Ethical Framework, Best Interest & Record Keeping

Chapter 2,3,4

Affinia's Ethical Framework

Affinia Representatives embody our ethical framework which means always: 

Acting with Integrity

Respect the trust clients and the community have placed in the Representative by ensuring your advice is always in the best interests of the client and the fees always represent fair value.

Avoiding Conflicts of Interest
Be proactive about avoiding conflicts of interest and if you can’t, be quick to explain to the client what you’re doing to manage them.

Empowering your Clients
Equip clients with all the information they need to weigh risks and benefits, in language the client readily understands so they are empowered to make informed decisions about their financial future.

Being Diligent
Be thorough and timely in all you do for your clients. Expect the same from those you work with.

Maintaining your Skills and Knowledge
Be active about maintaining your skills and embracing opportunities to learn new ones. Ensure you’re only providing advice in the areas you’re qualified and authorised for.

Maintaining Confidentiality
Protect client information by only using it for the purpose for which the information was gathered. Make sure the systems are secure and information can only be accessed by authorised staff.

Being Professional
Demonstrate dignity, respect and courtesy in all you do. Be conscious of the public image of the financial advice community.

ASIC Considerations

Key Issue  Considerations
Prioritising the customer’s interests: s961J  

Does the advice, product and/or service create additional revenue or some other form of benefit for the adviser, their advice licensee or another related party?

  • If yes, can additional benefits for the customer be demonstrated?
  • If yes, what are these additional benefits and how do they prioritise the interests of the customer?
  • Would a reasonable adviser without a conflict of interest have provided this advice? Why/why not?

This information should be clear in the customer file. Any potential or actual conflicts of interest should be clearly set out in the SOA. Where appropriate, advisers should recommend solutions relevant to the customer’s situation that are not product specific (e.g. advice on debt reduction, estate planning, and Centrelink benefits).
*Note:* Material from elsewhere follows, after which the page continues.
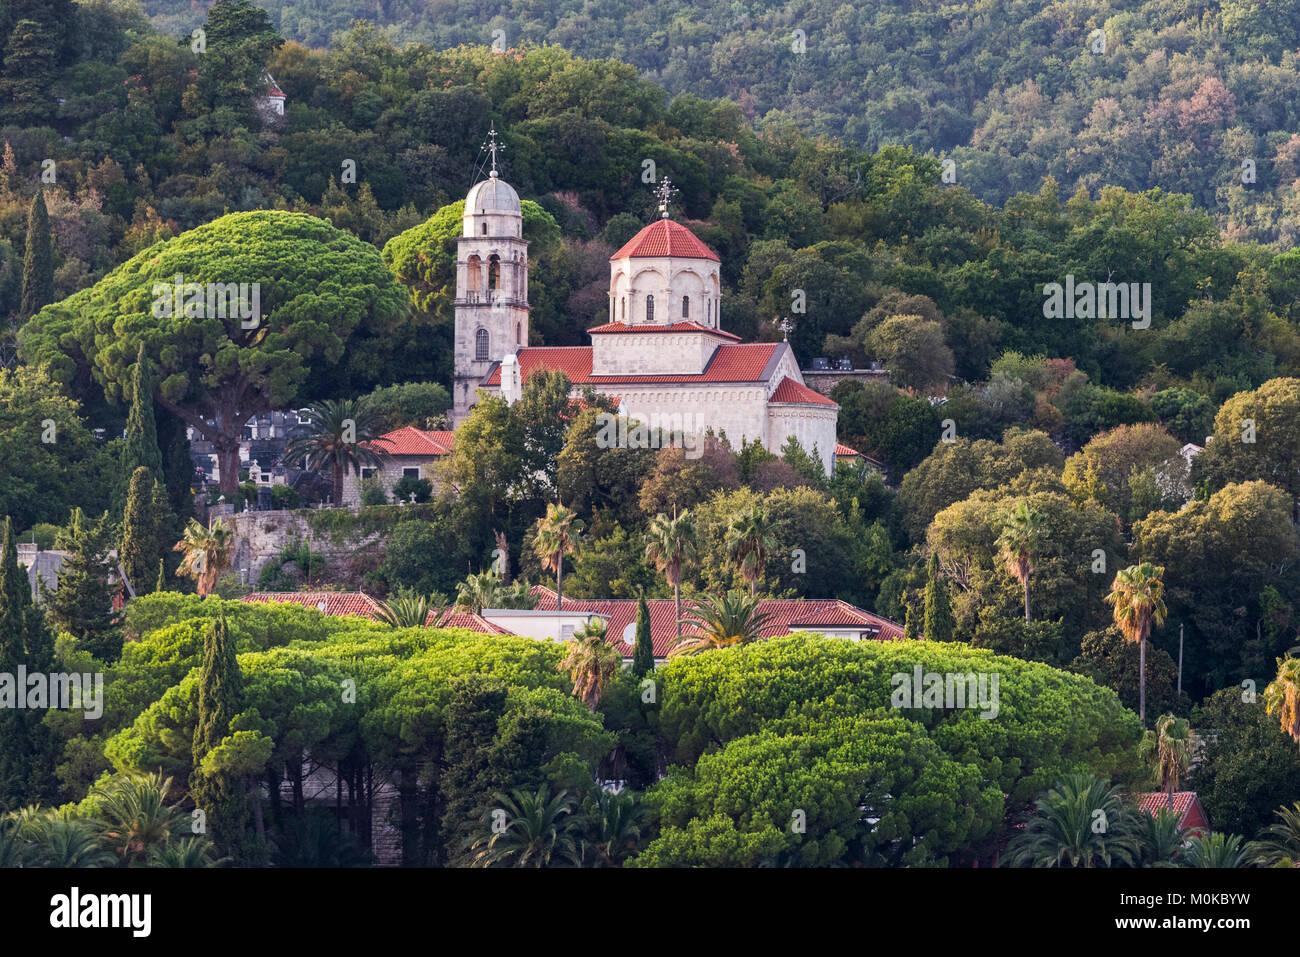 Une église et des bâtiments sur une colline entourée d'arbres ; Herceg Novi, Monténégro Banque D'Images

Affinia's Our Obligations E-Book

The our obligations e book is a step by step guide to the legal obligations of providing financial advice. This has been designed to provide you a simple yet comprehensive guidance to;

  • The newly legislated Adviser Education standards
  • The Life Insurance Framework
  • Future of Financial Advice reforms (FoFA); including your responsibilities and Affinia’s responsibilities in regards to;
    • Best Interest Obligations
    • Conflicted Remuneration
    • Risk advice Remuneration
    • Asset based fees
    • Soft dollar benefits
    • Fee disclosure statements
    • Opt in
    • Scaled advice 

Representatives' Duty to Act in the Best Interests of the Client

When providing personal advice, Representatives have a duty to act in the best interests of the client.

To show you have acted in the client's best interest you must do each of the following:

1. Identify the goals, objectives, financial situation and needs of the client.

2. Identify:

  • The subject matter of the advice that the client is seeking
  • The objectives, financial situation and needs of the client that would be considered relevant to advice on this subject matter (i.e. the relevant circumstances).

3. If it appears that the information relating to the client’s relevant circumstances is incomplete or inaccurate, make reasonable inquiries to obtain complete and accurate information.

4. Assess whether the Representative has the expertise to provide the client with advice on the subject matter and, if not, decline to provide the advice.

5. If, considering the subject matter of the advice sought, it is reasonable to consider recommending a financial product:

  • Conduct a reasonable investigation into the financial products that might achieve the objectives and meet the needs of the client that are relevant to advice on that subject matter
  •  Assess the information gathered in the investigation

6. Base all judgements in advising the client on the client’s relevant circumstances.

7. Take any other step that, at the time the advice is provided, would reasonably be regarded as being in the best interests of the client, given the client’s relevant circumstances.

ASIC Considerations

Key Issue Considerations
Acting in the best interests of the customer: s961B(1)

Advisers must act in the best interests of their customers. As a result, a reasonable adviser would believe that the customer is likely to be in a better position if they follow the advice, than at the time the advice is provided. See RG 175.224–RG 175.231, including Examples 1–6, for further information.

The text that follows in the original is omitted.